Libertas rejestruje właśnie w Polsce swój oddział i przygotowuje się do wystawienia własnej listy do europarlamentu. Ale nasza ordynacja wyborcza zakazuje finansowania partii i komitetów wyborczych z zagranicy. Jak więc skorzystać z pieniędzy Ganleya? Plan jest prosty. Polski Libertas chce zaciągnąć kredyt w banku, na którym zabezpieczenie majątkowe ustanowi irlandzki multimilioner. "Po kampanii polski Libertas długów nie spłaci, ale zrobi to poręczyciel, czyli Ganley" - zdradza nam szczegóły planu polityk związany z Libertas.
Nasi informatorzy twierdzą, że w ten sposób na kampanię do europarlamentu do Polski ma zostać przetransferowane ponad 250 tys. euro, czyli ponad 1,1 mln zł. Podobne kwoty w taki sam sposób mają otrzymać oddziały Libertas zakładane w innych krajach Europy: Litwini równowartość 100 tys. euro, a Słowacy 250 tys.
>>>Ganley: Nie wiem, czy wezmę Giertycha
"Finansowanie kampanii będzie zgodne z obowiązującym w Polsce prawem, pełną informację złożymy w Państwowej Komisji Wyborczej" - tak na nasze pytania o finansowanie kampanii odpowiada kierujący polskim Libertas Daniel Pawłowiec. Więcej mówi za to wiceprezes Libertas Artur Zawisza. "Najważniejsza dla banków jest ocena zdolności kredytowej i zabezpieczenia. Wiem, że jest to konsultowane z panem Declanem Ganleyem" - powiedział, kiedy pytaliśmy go o źródła finansowania kampanii wyborczej.

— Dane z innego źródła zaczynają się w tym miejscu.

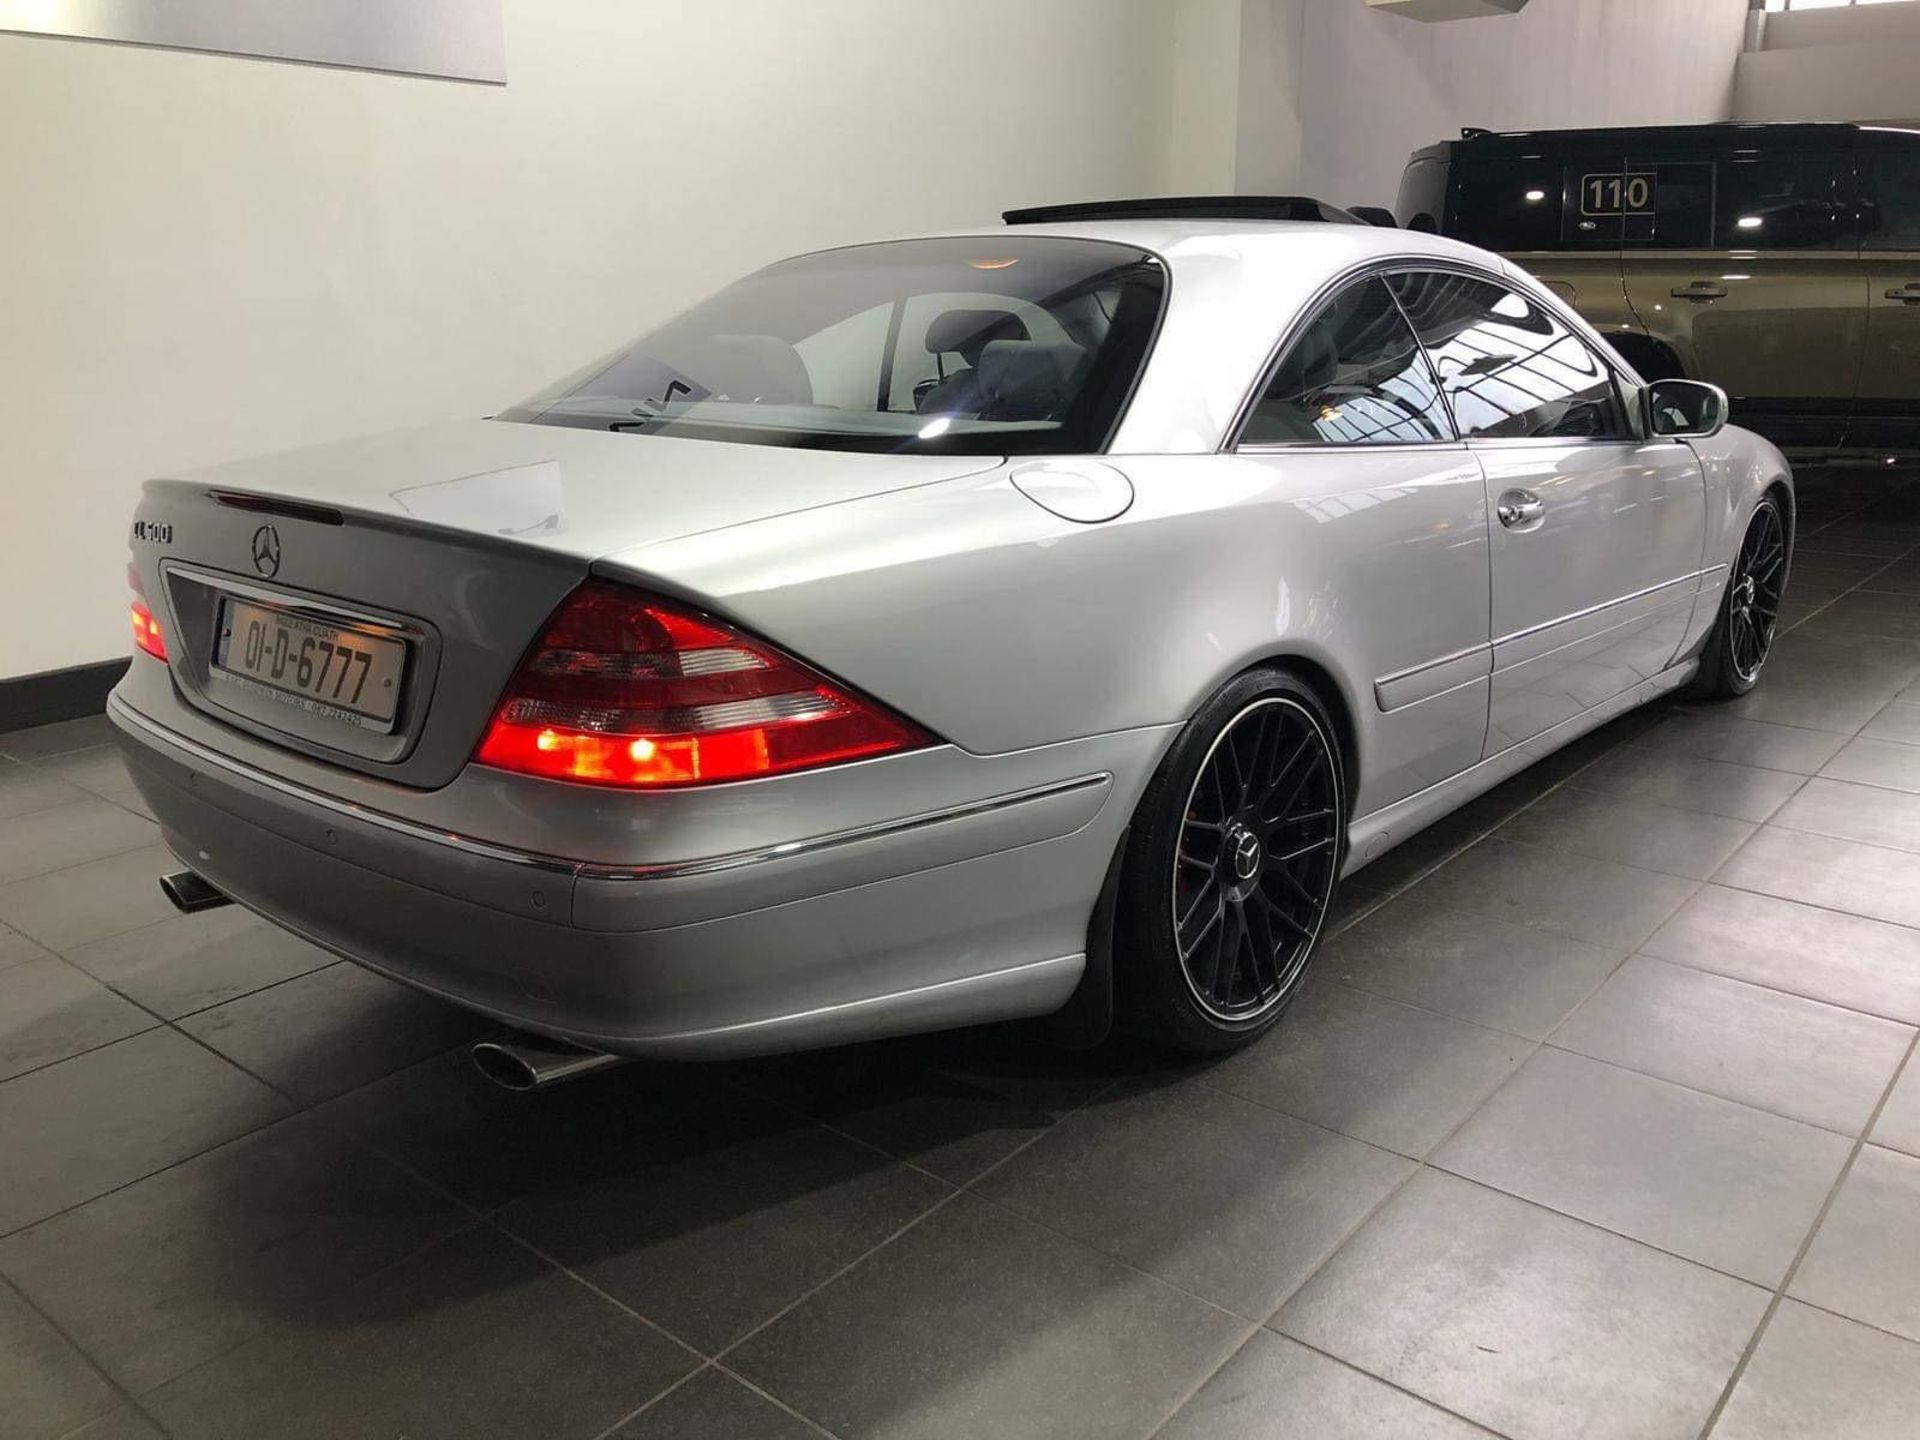 2001 Mercedes-Benz CL500 CLASS, SPORT, SOUTHERN REG, TOP SPEC, NO VAT - Image 3 of 10

Jeśli Libertas skorzysta z poręczeń Ganleya, nie złamie prawa. "Ale to przykład jego obejścia, kiedy stosuje się mechanizm dozwolony, po to aby osiągnąć cel zakazany prawnie" - ocenia prof. Marek Safjan, były prezes Trybunału Konstytucyjnego.
Precedens - jak wynika z raportu, który po wyborach prezydenckich w 2005 r. sporządziła Fundacja Batorego - już miał miejsce. Po przegranej kampanii prezydenckiej osoba fizyczna Henryka Bochniarz poręczyła 300 tys. zł kredytu, jaki zaciągnął... komitet wyborczy kandydatki Demokratów.pl Henryki Bochniarz.
Adam Sawicki z Fundacji Batorego alarmuje: "Poręczenie kredytów, dzięki którym można sfinansować nawet całe kampanie, zaciągniętych przez partie to problem. Bo poręczycielem może być każdy: zamożny członek partii, przedstawiciel biznesu czy nawet ktoś z grupy przestępczej.
Kazimierz Czaplicki z PKW i jednocześnie szef Krajowego Biura Wyborczego mów, że na razie ma związane ręce. "PKW będzie sprawdzać sprawozdania wyborcze. Nie mamy uprawnień do wstępnego badania, w jaki sposób partie pozyskują środki na wybory" - mówi DZIENNIKOWI.